If ## p ## and ## p^{2}+8 ## are both prime numbers, prove that....

[Math100]

Homework Statement

If $p$ and $p^{2}+8$ are both prime numbers, prove that $p^{3}+4$ is also prime.

Relevant Equations

None.

Proof:

Suppose $p$ and $p^{2}+8$ are both prime numbers.
Since $p^{2}+8$ is prime, it follows that $p$ is odd, so $p\neq 2$.
Let $p>3$.
Then $p^{2}\equiv 1 \mod 3$,
so $p^{2}+8\equiv 0 \mod 3$.
Note that $p^{2}+8$ can only be prime for $p=3$.
Thus $p^{3}+4=27+4=31$, which is also prime.
Therefore, if $p$ and $p^{2}+8$ are both prime numbers,
then $p^{3}+4$ is also prime.

 

[Mark44]

Homework Statement:: If $p$ and $p^{2}+8$ are both prime numbers, prove that $p^{3}+4$ is also prime.

Proof:
Suppose $p$ and $p^{2}+8$ are both prime numbers.
Since $p^{2}+8$ is prime, it follows that $p$ is odd, so $p\neq 2$.
Let $p>3$.
Then $p^{2}\equiv 1 \mod 3$,
so $p^{2}+8\equiv 0 \mod 3$.
Note that $p^{2}+8$ can only be prime for $p=3$.

Why is this true?
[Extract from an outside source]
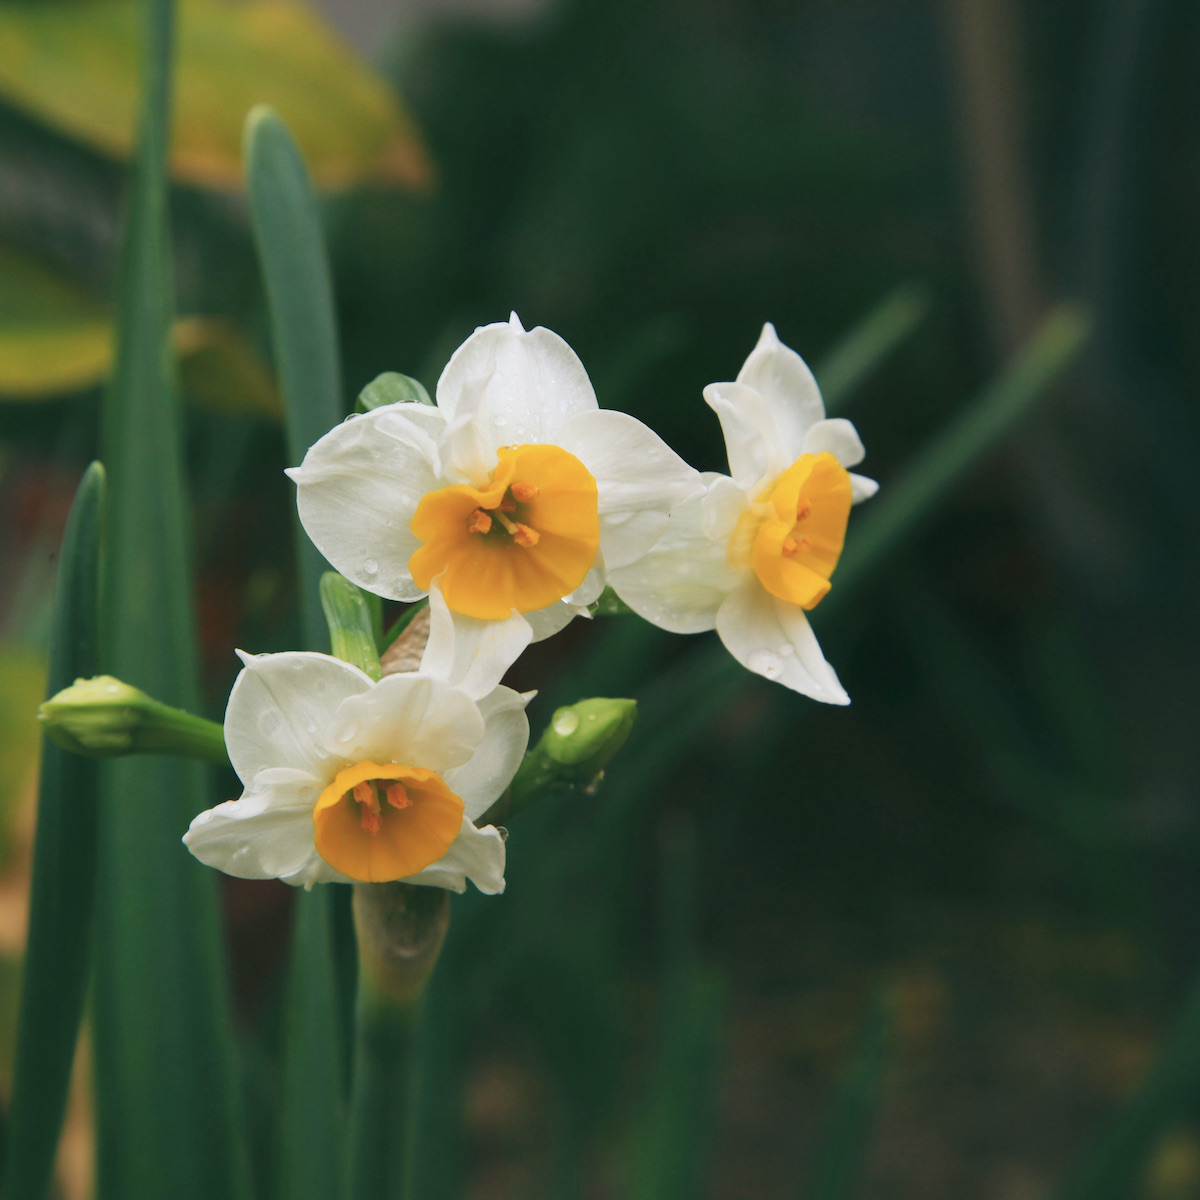 plante balcon ouest narcisse blanche jaune orange fleur - blog déco - clem around the corner
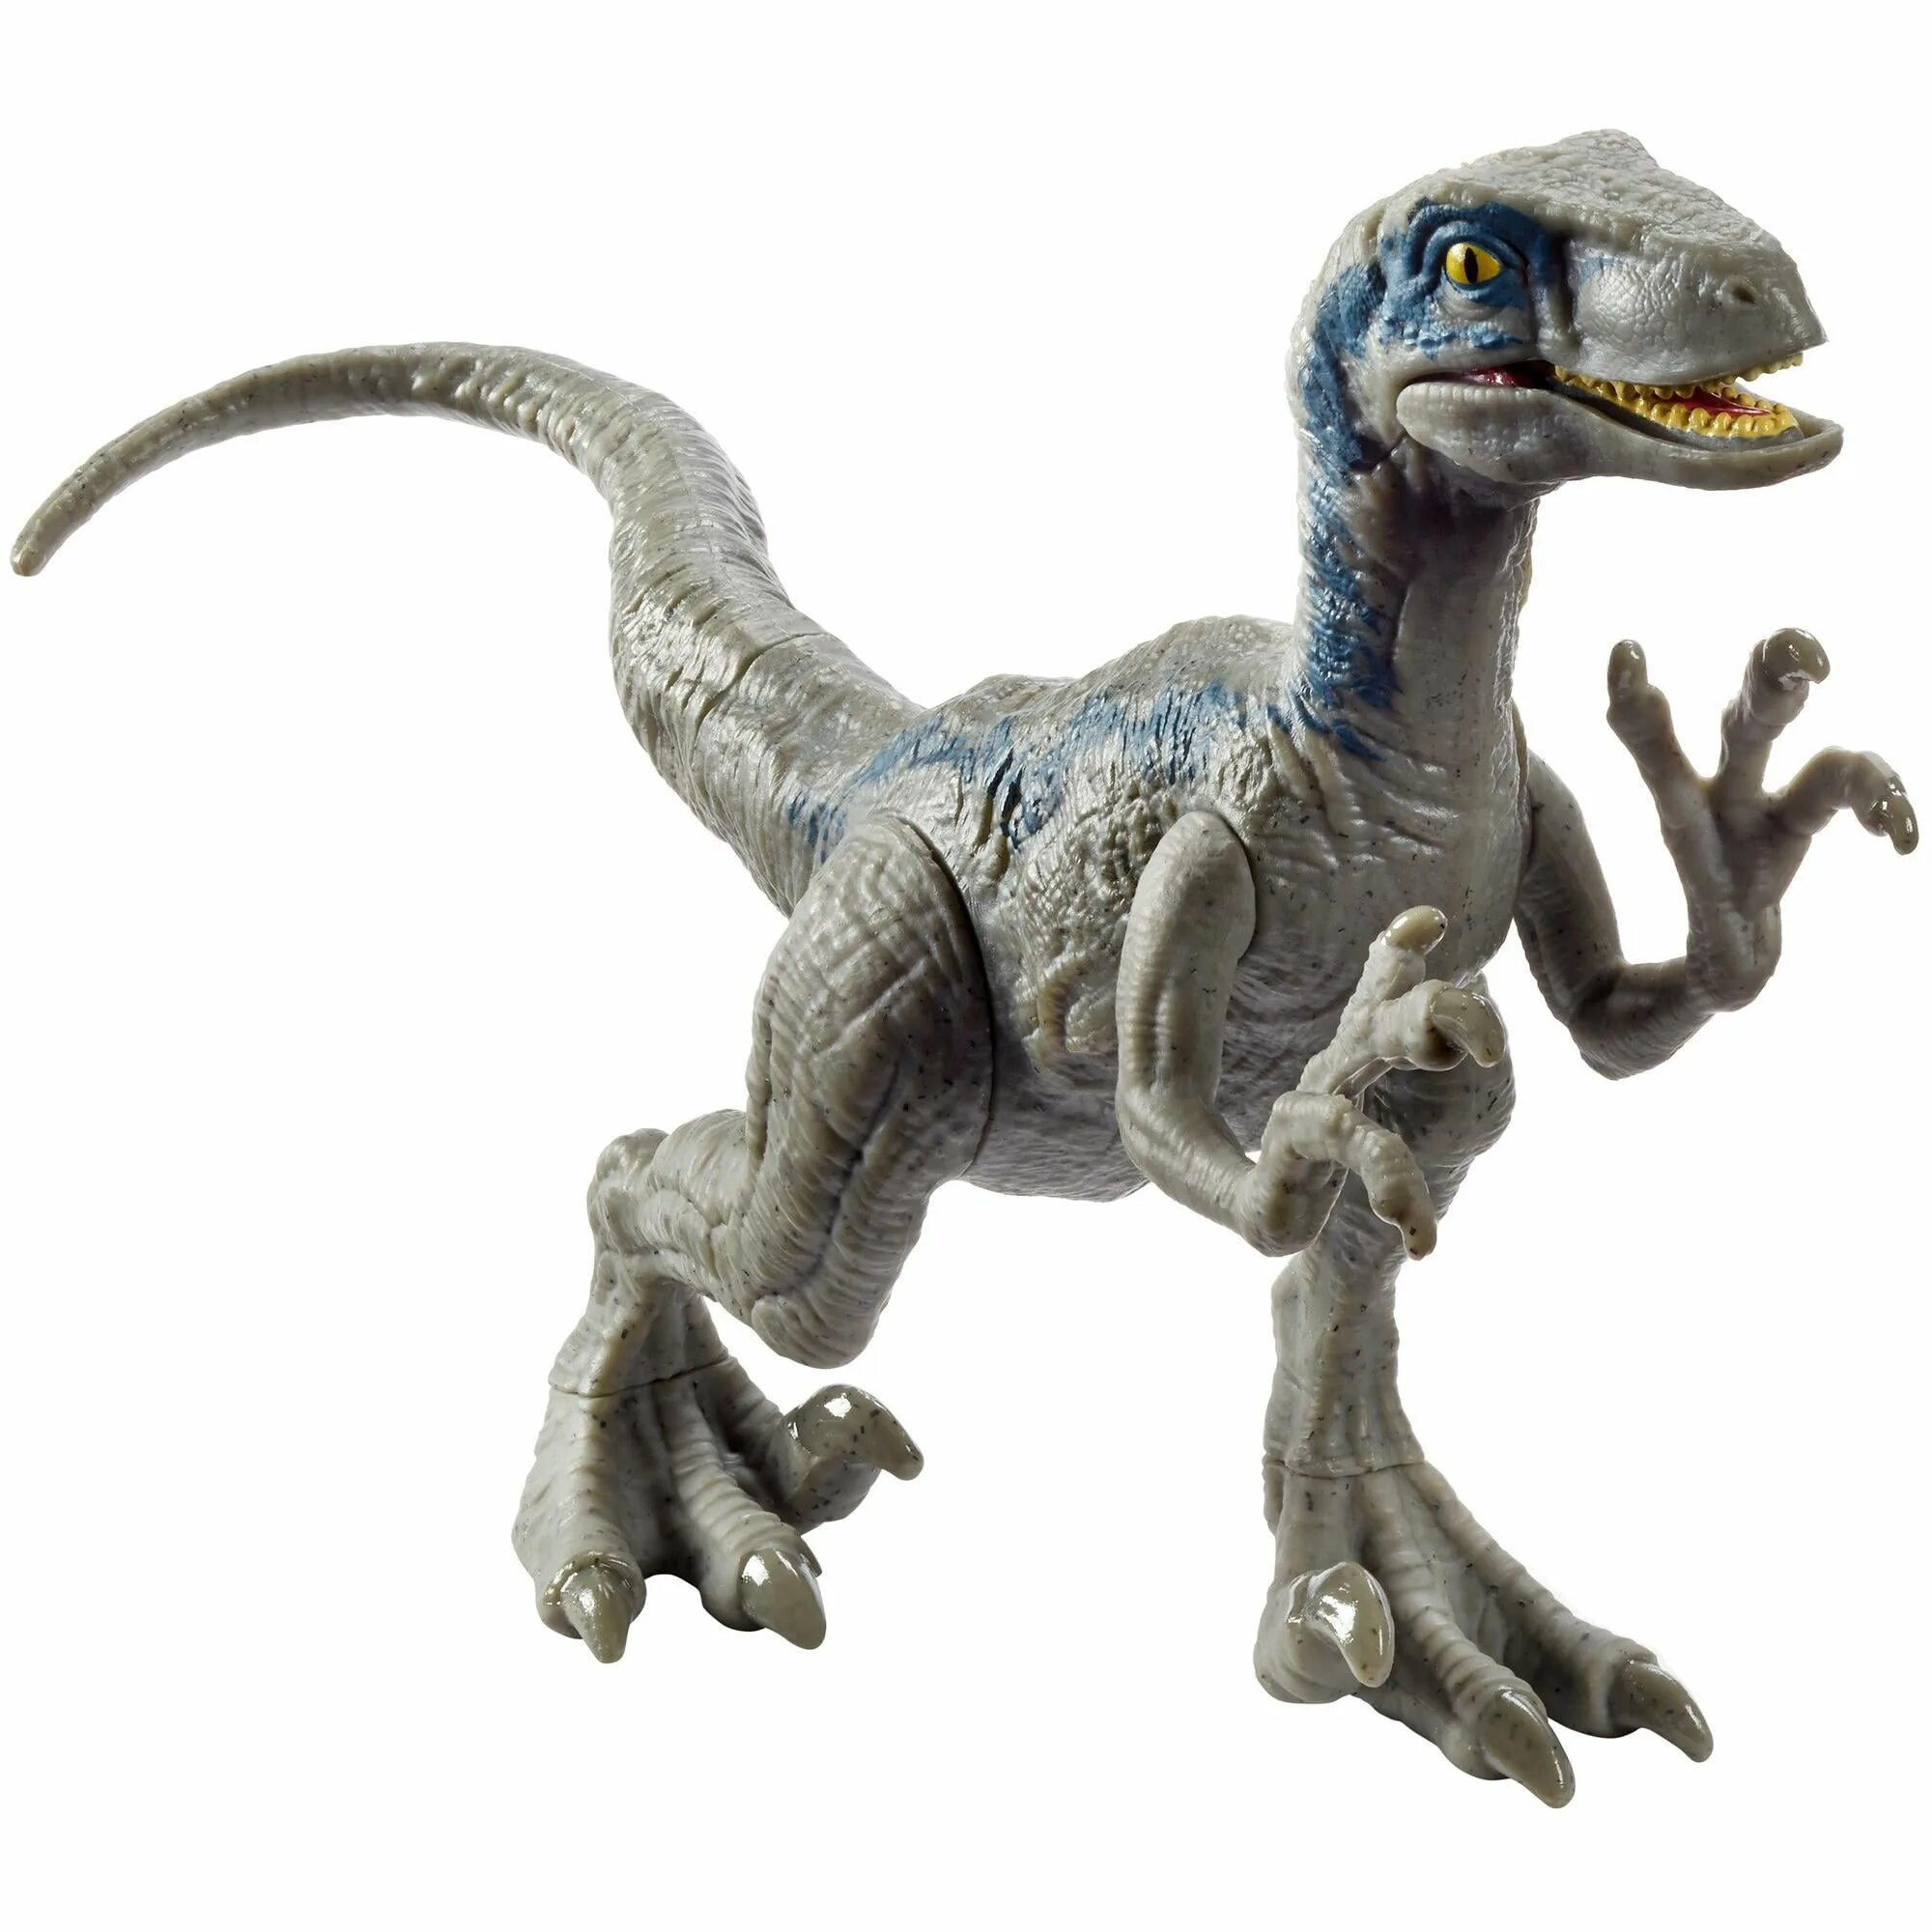 Динозавр велоцераптор. Jurassic World игрушки Velociraptor Blue. Фигурка Велоцираптор Блю. Мир Юрского периода 2 Велоцираптор. Mattel Jurassic World Раптор Блю.

It's not enough just to assert it.

Thus $p^{3}+4=27+4=31$, which is also prime.
Therefore, if $p$ and $p^{2}+8$ are both prime numbers,
then $p^{3}+4$ is also prime.

 

[fresh_42]

Homework Statement:: If $p$ and $p^{2}+8$ are both prime numbers, prove that $p^{3}+4$ is also prime.
Relevant Equations:: None.

Proof:

Suppose $p$ and $p^{2}+8$ are both prime numbers.
Since $p^{2}+8$ is prime, it follows that $p$ is odd, so $p\neq 2$.
Let $p>3$.
Then $p^{2}\equiv 1 \mod 3$,

How? You only have that $p$ is odd, i.e. $p=2k+1$ so $p^2=4k^2+4k+1\equiv k(k+1)+1 \mod 3.$ However, you used $p^2\equiv 1 \mod 3$ which is equivalent to $k(k+1)\equiv 0 \mod 3.$ Thus you have to prove: If $p=2k+1>3$ is prime, then either $k$ or $k+1$ is divisible by three. or the other way around: If $k$ and $k+1$ are not divisible by $3$ then $2k+1$ is composite. It is true, but you have to show why.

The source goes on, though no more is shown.